For kicks, you may want to change opening the file to:
is = TikaInputStream.get(file)
or maybe:
is = TikaInputStream.get(file, metadata)

And you'll want to surround your closing of the IS in a try/catch block.  Or 
use IOUtils.closeQuietly.

Finally, are you able to share the particular file that caused the IOException?
From: Mouthgalya Ganapathy [mailto:mouthgalya.ganapa...@fitchratings.com]
Sent: Thursday, June 04, 2015 10:20 AM
To: Allison, Timothy B.; talli...@apache.org
Cc: user@tika.apache.org; Sauparna Sarkar
Subject: RE: Memory issues with PDF parser

Hi Timothy,
Thanks for the prompt reply.


1.)    Wouldn't fixing the null pointer exception in turn throw the IO 
exception? I saw that the null pointer exception was thrown inside the catch 
block of the IO exception?
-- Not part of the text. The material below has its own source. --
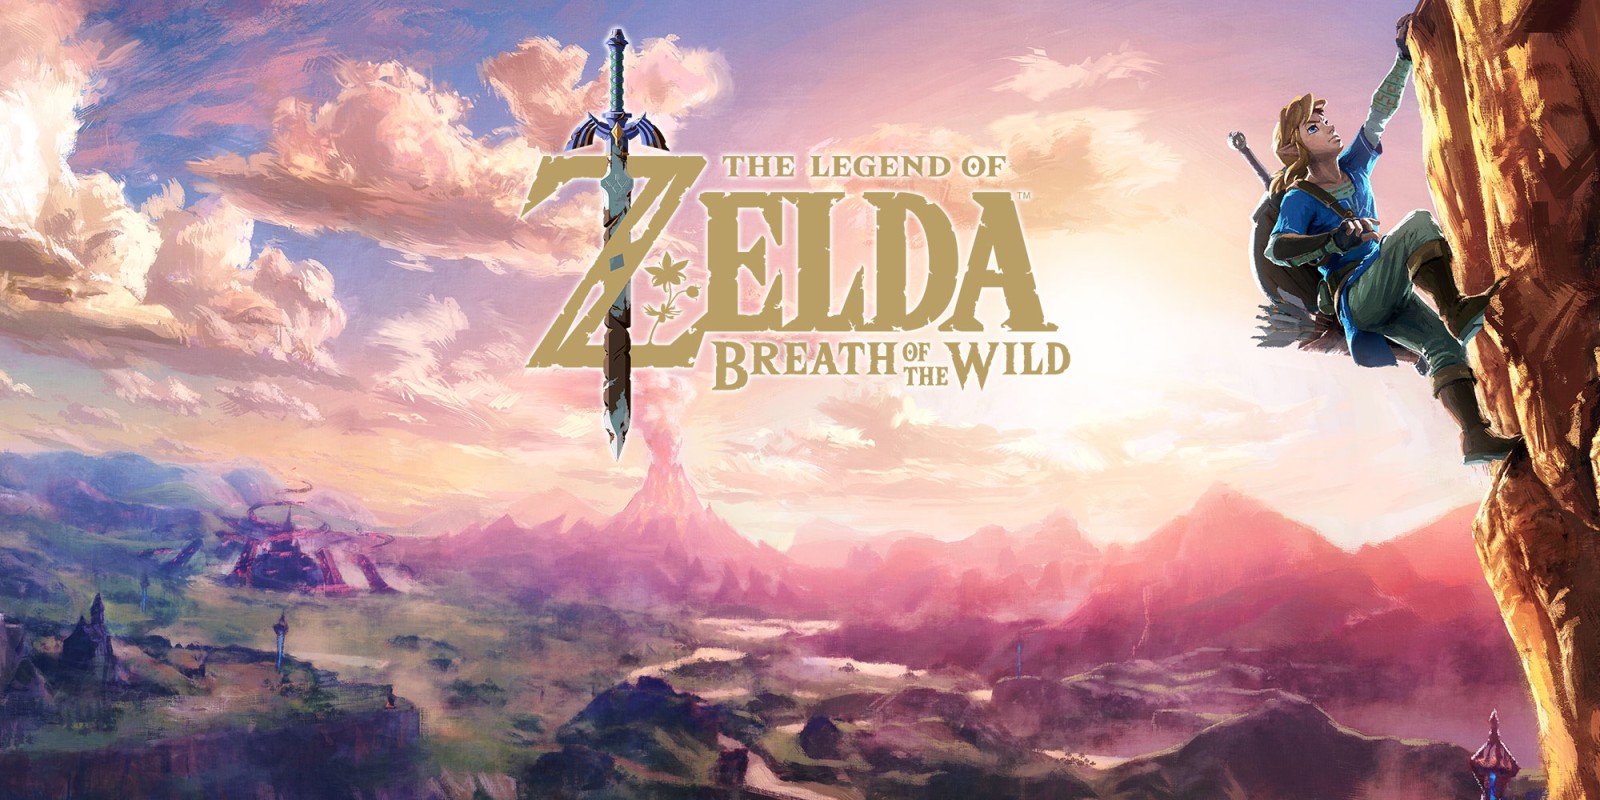 Zelda : The Legend of Breath of the Wild

Any root cause for the IO exception??.

Is that also fixed?



I am including the code that threw the null pointer exception in tike 1.8



Exception:
10:53:12,218 ERROR [stderr] (Thread-11 
(HornetQ-client-global-threads-1619682129)) java.lang.NullPointerException
10:53:12,219 ERROR [stderr] (Thread-11 
(HornetQ-client-global-threads-1619682129))    at 
org.apache.tika.parser.pdf.PDFParser.parse(PDFParser.java:158)



Code in the pdf parser:
catch (IOException e) {
            //nonseq parser throws IOException for bad password
            //At the Tika level, we want the same exception to be thrown
            if (e.getMessage().contains("Error (CryptographyException)")) {
                metadata.set("pdf:encrypted", Boolean.toString(true));
                throw new EncryptedDocumentException(e);
            }


2.)    Do you have a snapshot or beta version of tika 1.9 that I could try with 
our pdf corpus? It would also help in your developer testing.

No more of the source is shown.